== COLLECTED DATA

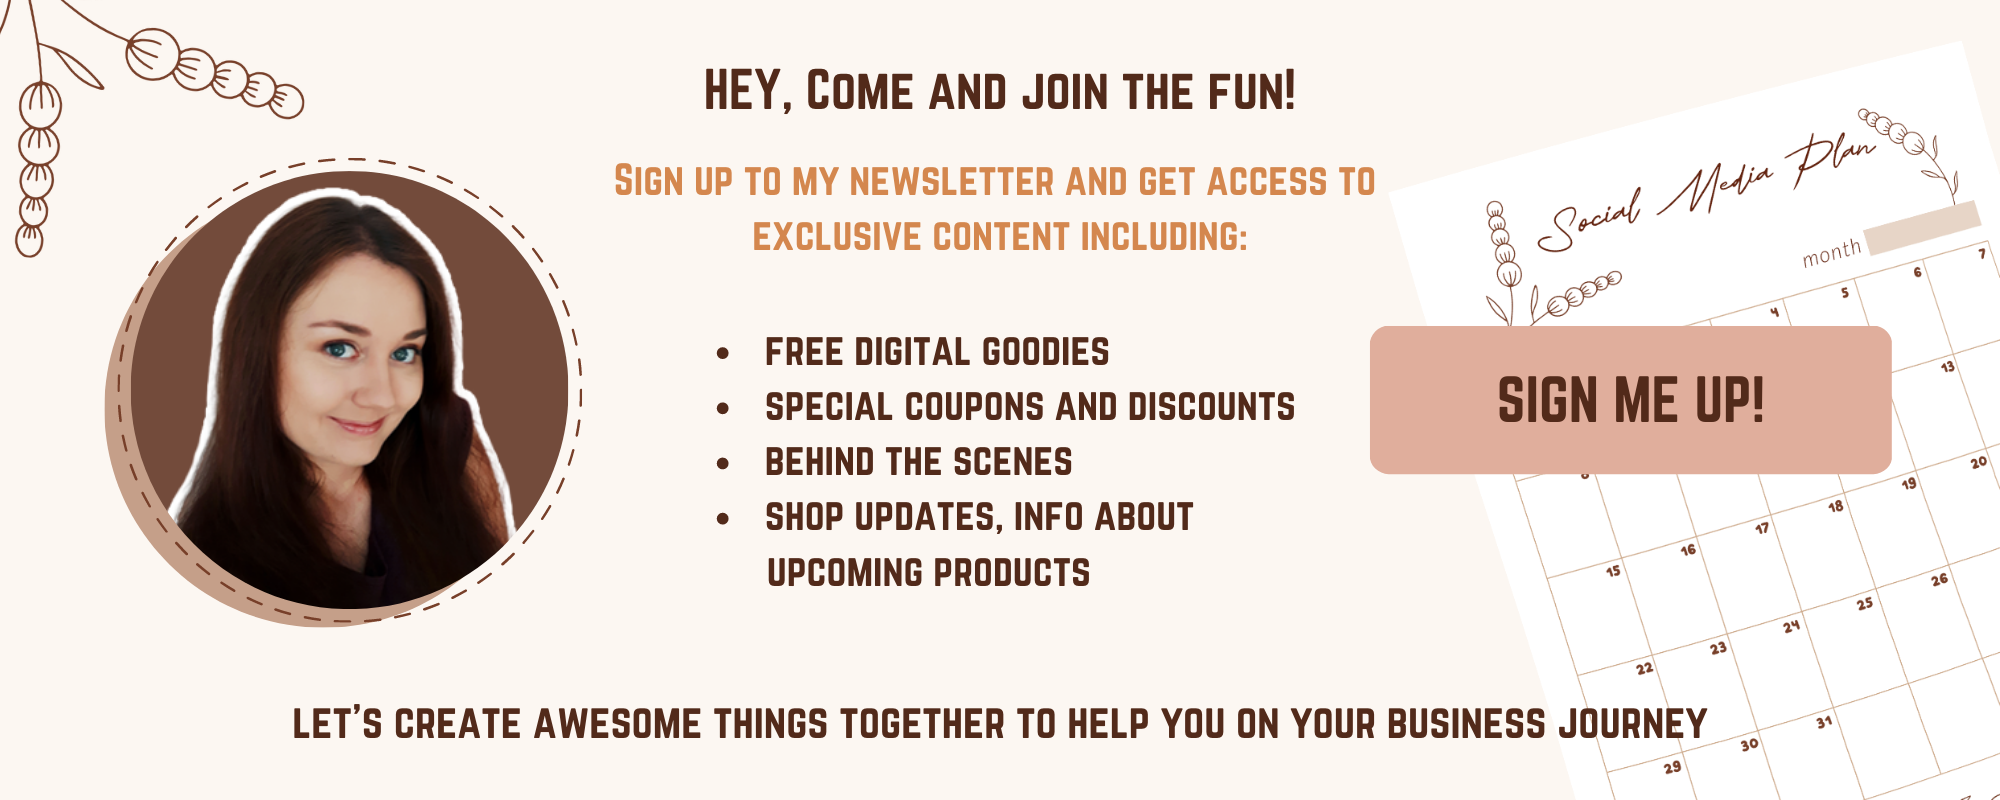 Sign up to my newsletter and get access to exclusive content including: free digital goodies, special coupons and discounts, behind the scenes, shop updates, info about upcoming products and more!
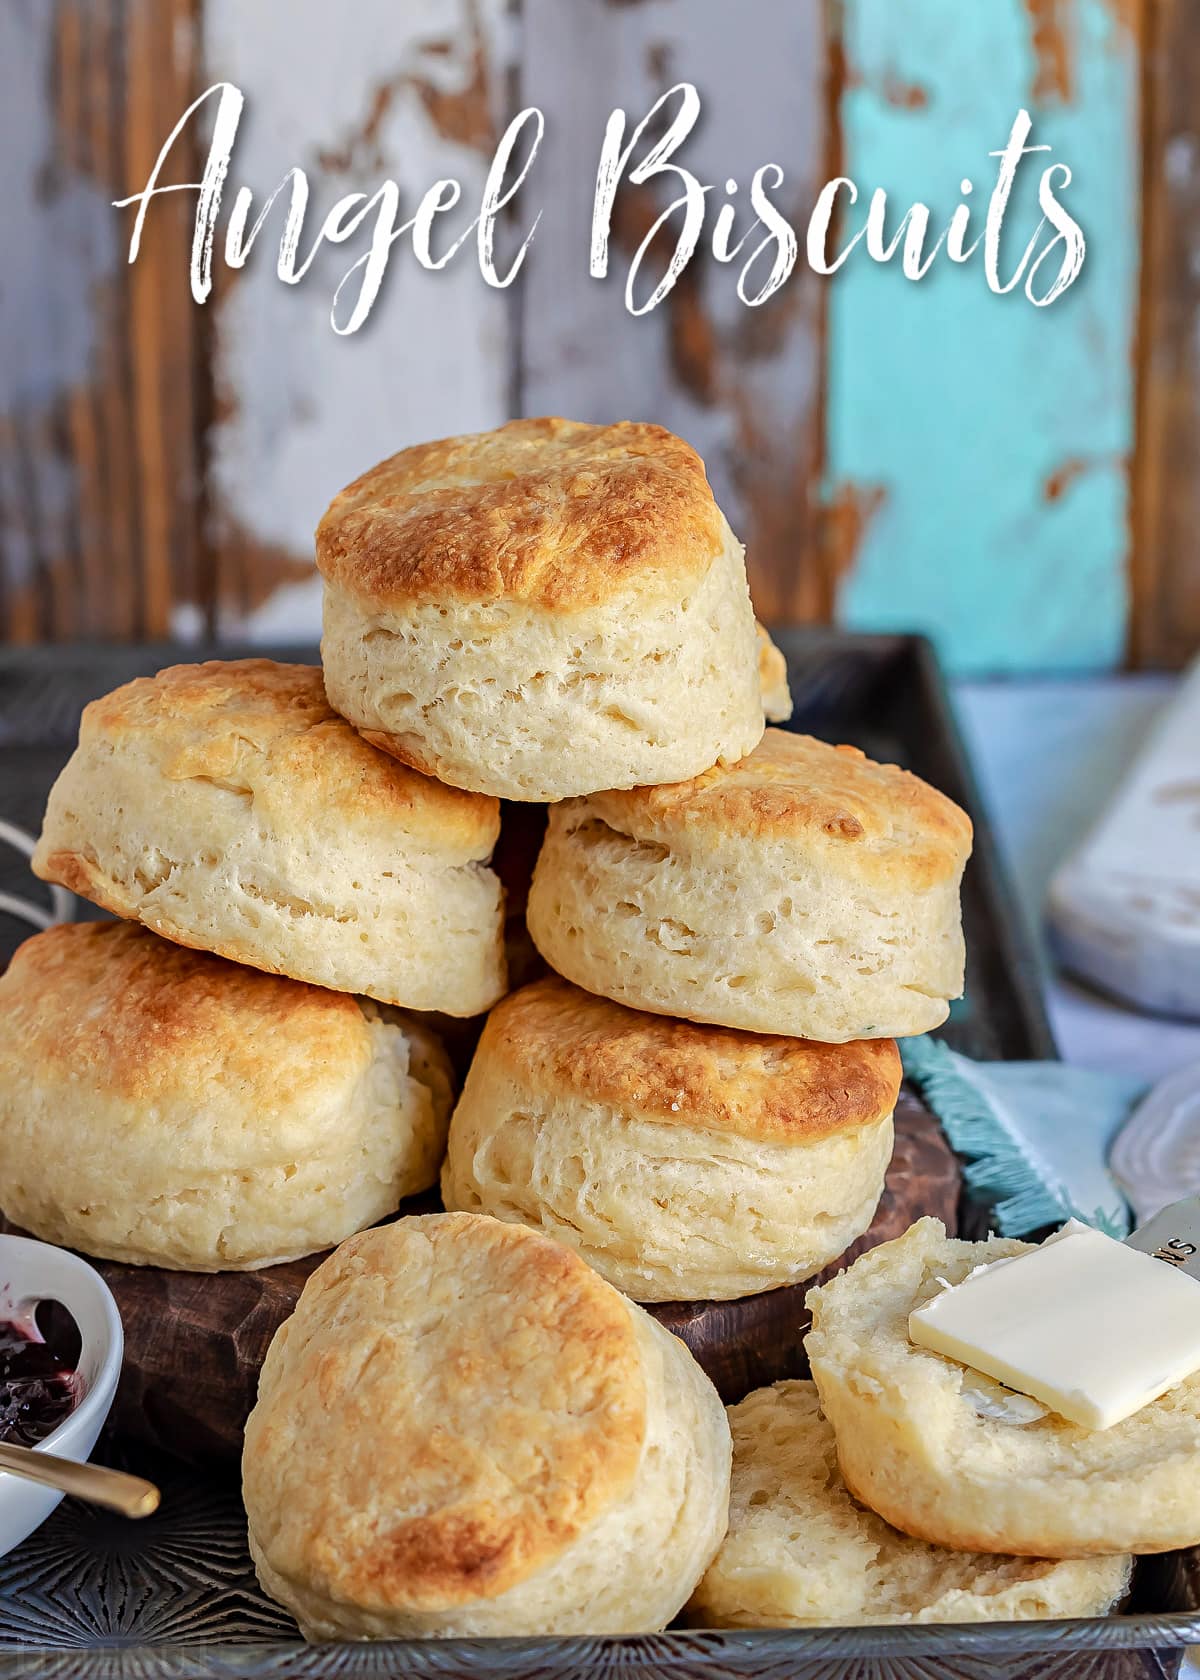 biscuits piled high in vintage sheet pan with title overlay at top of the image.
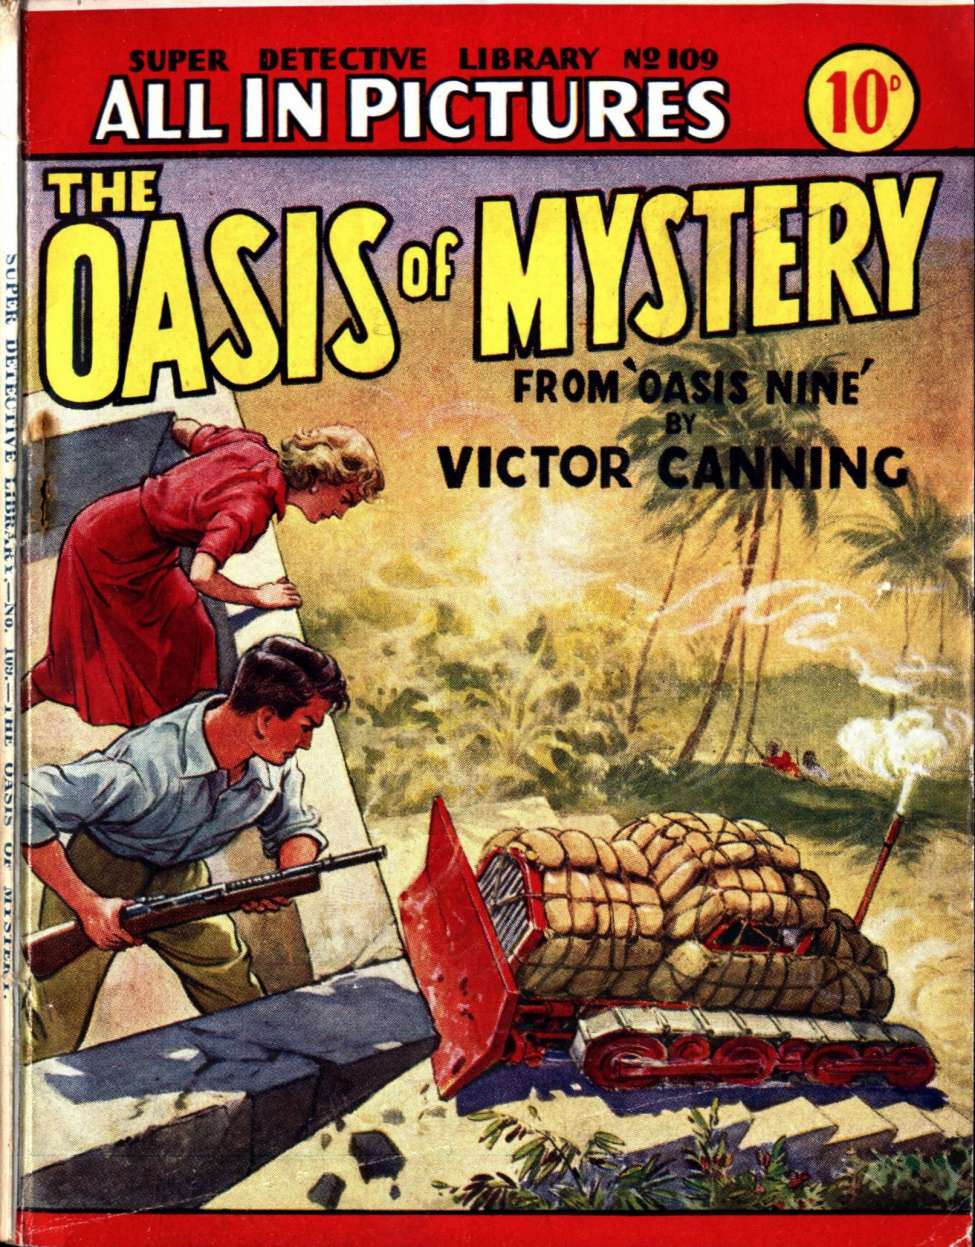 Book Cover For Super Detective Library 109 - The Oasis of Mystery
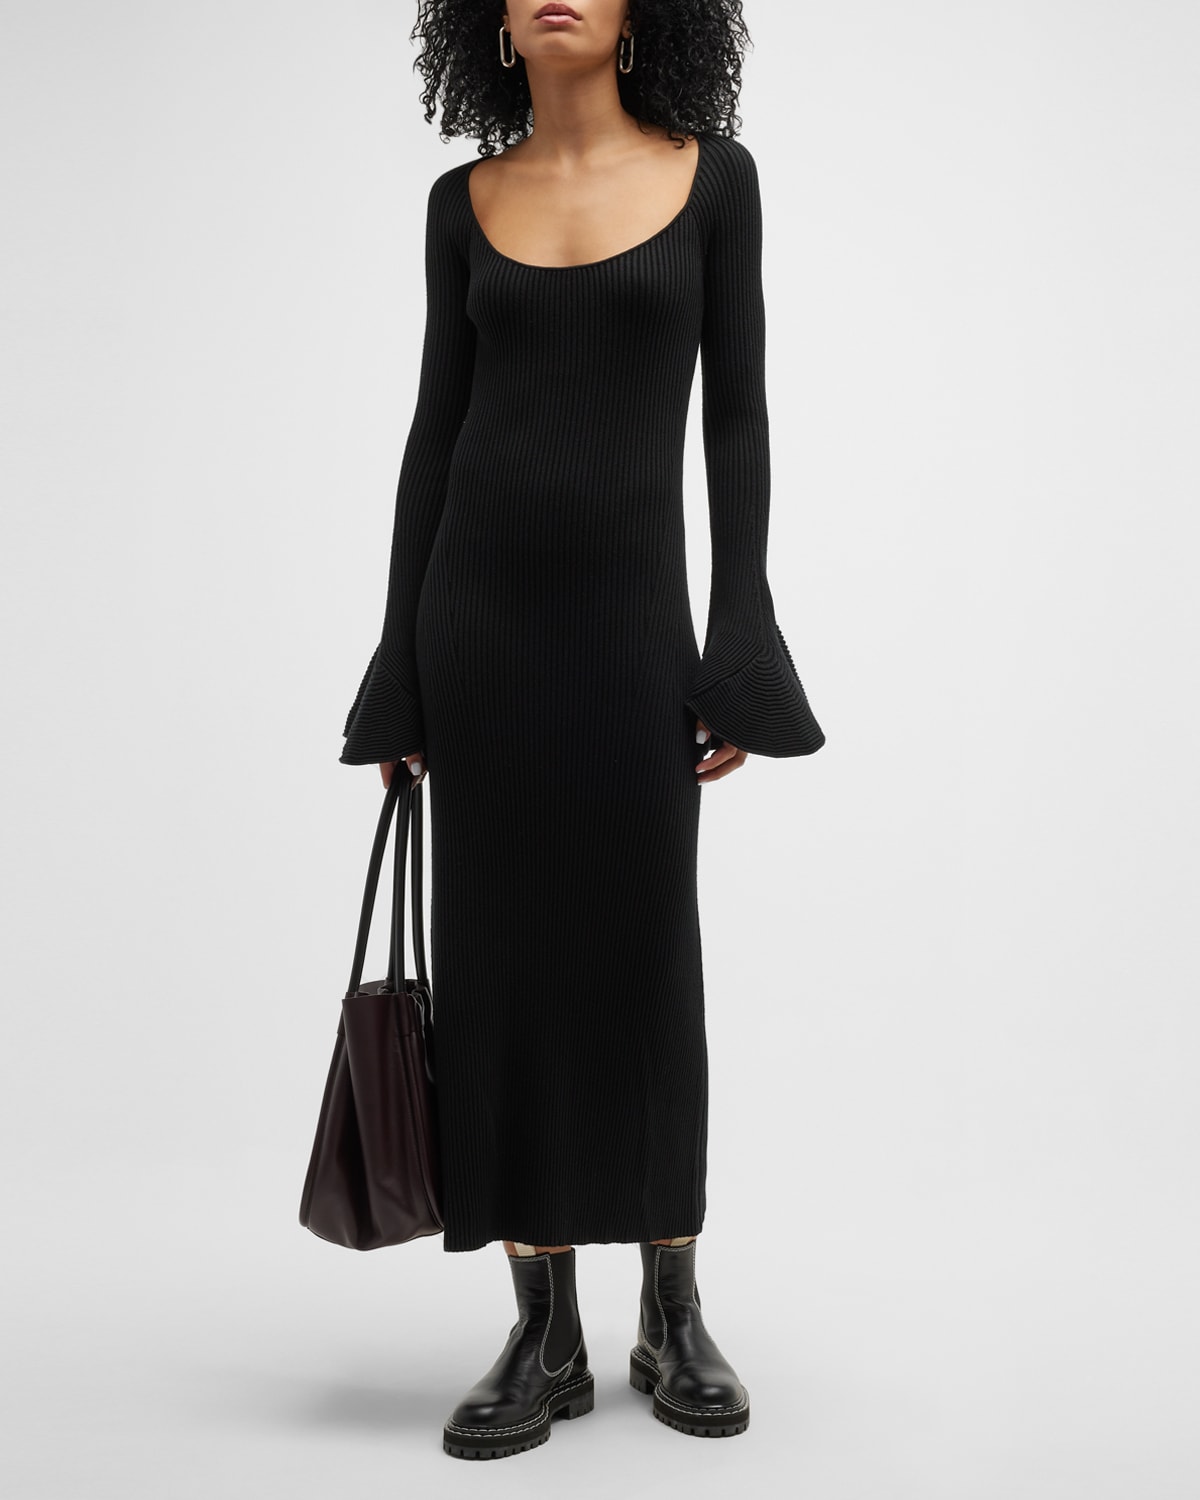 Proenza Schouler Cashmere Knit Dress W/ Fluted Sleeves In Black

====

> _INSTRUCTIONS FOR THE TASK_
Everything in the material goes into the copy exactly, except the images.

> _ANSWER SPACE_
 Sign up to my newsletter and get access to exclusive content including: free digital goodies, special coupons and discounts, behind the scenes, shop updates, info about upcoming products and more!
 biscuits piled high in vintage sheet pan with title overlay at top of the image.
 Book Cover For Super Detective Library 109 - The Oasis of Mystery
 Proenza Schouler Cashmere Knit Dress W/ Fluted Sleeves In Black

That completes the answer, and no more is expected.